B of A Customer Sues Over ATM Surcharge

Consumer anger over automated teller machine fees has flared again in a lawsuit filed against Bank of America Corp. by a Seattle resident who said he was improperly surcharged at a machine the bank owns in a grocery store.

The lawsuit, filed Sept. 21 in U.S. District Court in Seattle, alleges that the bank violated the Electronic Funds Transfer Act when it surcharged Bank of America customers at unbranded ATMs the bank owns and operates at off-premises sites.

Jeremy Knapp, a Bank of America customer, initiated the lawsuit, and he and his lawyer are seeking class-action status. Mr. Knapp said he was repeatedly surcharged for withdrawals at an ATM in his neighborhood grocery store. When he noticed the Bank of America logo on his receipt, he said, he contacted a customer service representative who verified that the company owns the machine.

The company refunded that month’s surcharges but subsequently charged Mr. Knapp again for using the machine.

Mr. Knapp is represented by Adam Berger of Schroeter, Goldmark & Bender in Seattle, one of the largest personal injury law firms in the Northwest.

“As we read it,” Mr. Berger said, the Electronic Funds Transfer Act “basically requires the bank to tell its customers up-front when and how much it will charge for fees, so the violation really goes back to the terms of the customer agreement.”

Mr. Berger said he is unsure whether the company’s current customer agreement covers this practice. He said that the several mergers involving Bank of America make it difficult to determine what customer agreement covered the machine in question.

Mr. Knapp’s complaint also charges the company with violating the Washington Consumer Protection Act, which, according to the office of the Washington attorney general, “declares that unfair and deceptive practices in trade or commerce that harm the public interest are illegal.”

Bank of America declined to comment. “That’s our policy when there’s pending litigation,” said Holly Siegel, a spokeswoman.

If the court makes the complaint a class action, Bank of America customers in the state of Washington who have been surcharged on unbranded machines may qualify for reimbursements. Mr. Berger said the plaintiffs will also seek statutory penalties. Under the state Consumer Protection Act, if a class of plaintiffs wins such a case, the court may award triple damages up to $10,000 per plaintiff, in addition to attorney’s fees. Violation of the Electronic Funds Transfer Act may incur a damage award of up to $500,000.

Mr. Berger said one goal of the lawsuit is to get the company to stop surcharging its customers at ATMs that it owns. Though the company could justify the surcharge if it were covered under a customer agreement, Mr. Berger said, exposing the practice “might be a little difficult in a public relations sense.”

Alanna Kellogg, president of an electronic bank consulting firm, Kellogg Group in St.
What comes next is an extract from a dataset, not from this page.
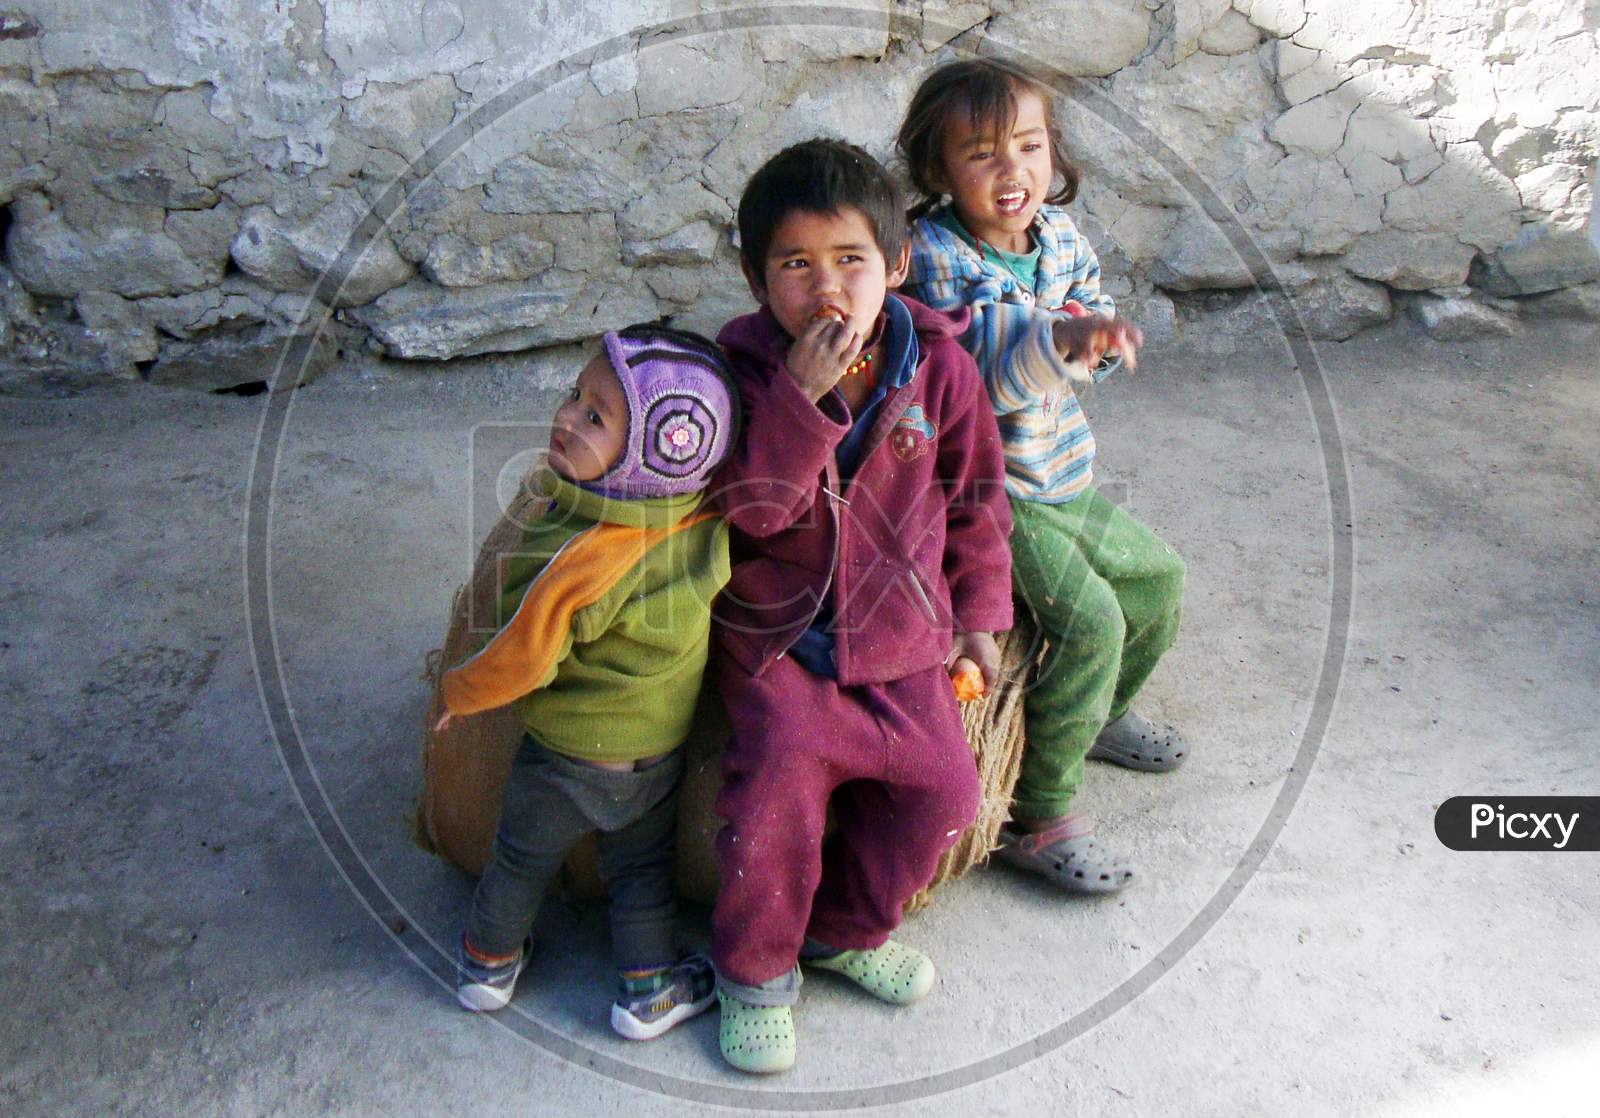 Village children of Himachal Pradesh, India

Louis, said it is difficult to gauge how widespread this practice is in the banking industry since, for obvious reasons, banks do not publicize the matter.

“With unbranded ATMs, it’s difficult to know who owns them, especially with the explosion of ATMs owned by nonbanks and retailers,” she said.
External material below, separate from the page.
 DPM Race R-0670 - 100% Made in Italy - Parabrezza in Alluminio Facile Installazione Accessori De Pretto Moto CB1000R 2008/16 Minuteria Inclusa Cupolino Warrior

Ms. Kellogg said the lawsuit against Bank of America may have originated with a servicing mistake in which the wrong receipt paper was installed in the machine, giving away its ownership.
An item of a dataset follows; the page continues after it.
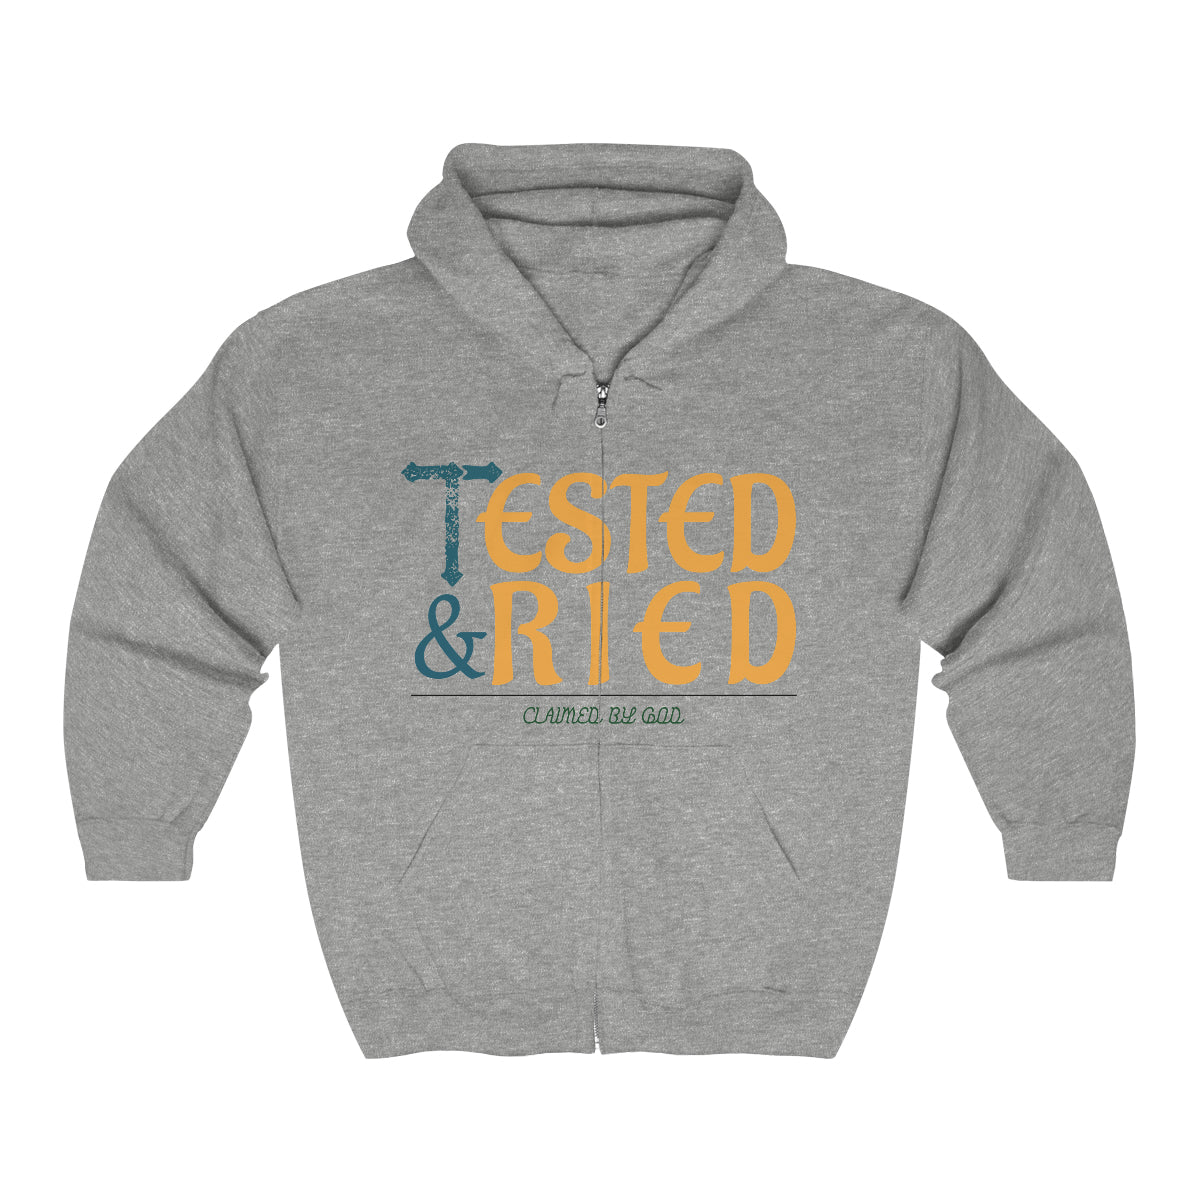 Tested & Tried Unisex Heavy Blend Full Zip Hooded Sweatshirt Printify

A bank client of hers struggled with this issue, Ms. Kellogg said, when it put ATMs in casinos and did not want its name associated with gambling. The bank in question was “very, very careful” about altering its customer agreement to reflect the practice, and though “we weren’t going to advertise it, we absolutely presumed that our customers could know,” she said.

Though various states and municipalities have tried to take the ATM surcharge issue into their own hands by enacting bans, these efforts have largely failed as courts and regulatory agencies upheld the legality of banks’ surcharging noncustomers. The Seattle lawsuit may be one of the first attempts by a consumer to fight the surcharge issue — or at least one aspect of it — through the legal system.

“I think what this shows is that people really hate ATM surcharges,” Mr. Berger said.